46 These sections repeal some of the legislation on GIB contained in the ERRA 2013, in preparation of the Government’s disposal of part or all its interest in the GIB. In particular, the repeal removes elements of Government control over the corporate policy of GIB contained within the ERRA 2013. The intention behind the repeal is to facilitate the GIB’s re-classification to the private sector following a sale.
47 The Government has published additional information on the policy background for GIB, its plans to bring in private capital, and the need to re-classify GIB to the private sector, in its policy statement "Future of UK Green Investment Bank plc".
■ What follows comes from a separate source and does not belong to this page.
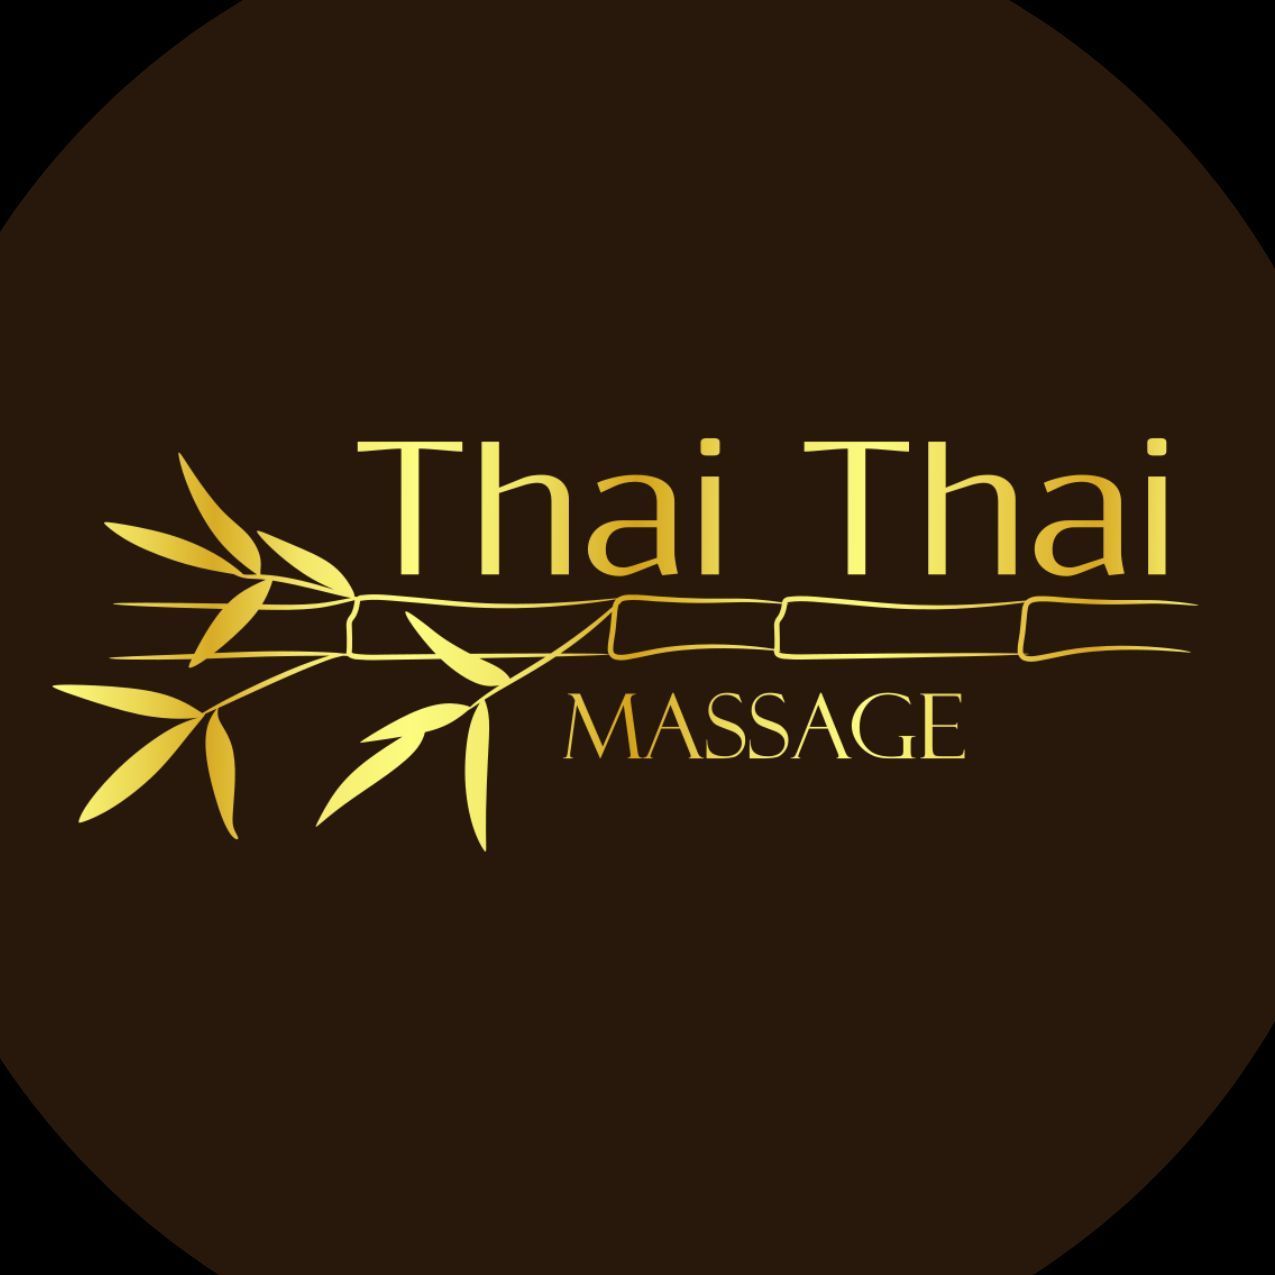 Thai Thai Massage, prof. Mariana Raciborskiego 1, A, 83-000, Pruszcz Gdański

48 Part 4 of the Small Business, Enterprise and Employment Act 2015 (SBEE Act) requires the Secretary of State to introduce a statutory Pubs Code. The Code will govern the relationship between large pub-owning businesses (those that own 500 or more tied pubs) and their tied tenants. The SBEE Act also provides for a new independent Adjudicator to enforce the Code. The Code and Adjudicator measures will be introduced through secondary legislation. The draft Code is currently the subject of consultation (Part 1 and Part 2). The consultation will run until January 2016 following which the regulations will be finalised and laid before Parliament.
49 One aspect of the Code required by section 43 of the SBEE Act is that tied tenants must, in specified circumstances, be entitled to occupy their pub on a Market Rent Only (MRO) basis, i.e. the option to go free of tie. The draft Code sets out the details of when the MRO option is available to tied tenants and how the MRO procedure will work.
50 The Code should deliver two principles: that the tied tenant should be no worse off than a free-of-tie tenant, and that there is fair and lawful dealing as between pub-owning businesses and their tied tenants.
51 Section 46 of the SBEE Act also requires the Secretary of State regularly to review the Pubs Code, to consider how well it is delivering the two principles and to propose any changes as may be necessary. Sections 62 and 67 of the SBEE Act provide that the Adjudicator must provide annual reports to the Secretary of State, who can also ask for the Adjudicator to provide specific information.
Part 8: Public Sector Employment: Restrictions on Exit Payments
52 The Government announced on 23 May 2015 that it intended to end six figure exit payments for public sector workers.
53 In this context, an exit payment is a payment made to an employee or office holder as a result of them leaving that employment or office. Exit payments can be any financial or non-financial transfer to an employee from the employer which does not represent remuneration for normal ongoing activities that are part of their employment. This includes, for example:
● Payments related to voluntary and compulsory redundancies;
● Payments related to other voluntary exits with compensation packages;
● The cost to the employer of offering early access to reduced pensions in place of, or in combination with, other exit payments;
● Special severance payments and ex gratia payments related to exit from employment;
● The monetary value of any extra leave, allowances or other benefits granted as part of the exit process which are not payments in relation to employment;
● Payments or compensation in lieu of notice and payments relating to the cashing up of outstanding entitlements.
54 There are a wide range of exit payment arrangements in the public sector. These include formal redundancy schemes (for example, the Civil Service Compensation Scheme) and schemes operated at local level by employers. Further, some employees may have individual contractual relationships that provide for additional exit payments. The regulations made under this Part of the Bill will cap relevant payments under these arrangements to the amount specified in the Bill or in later regulations.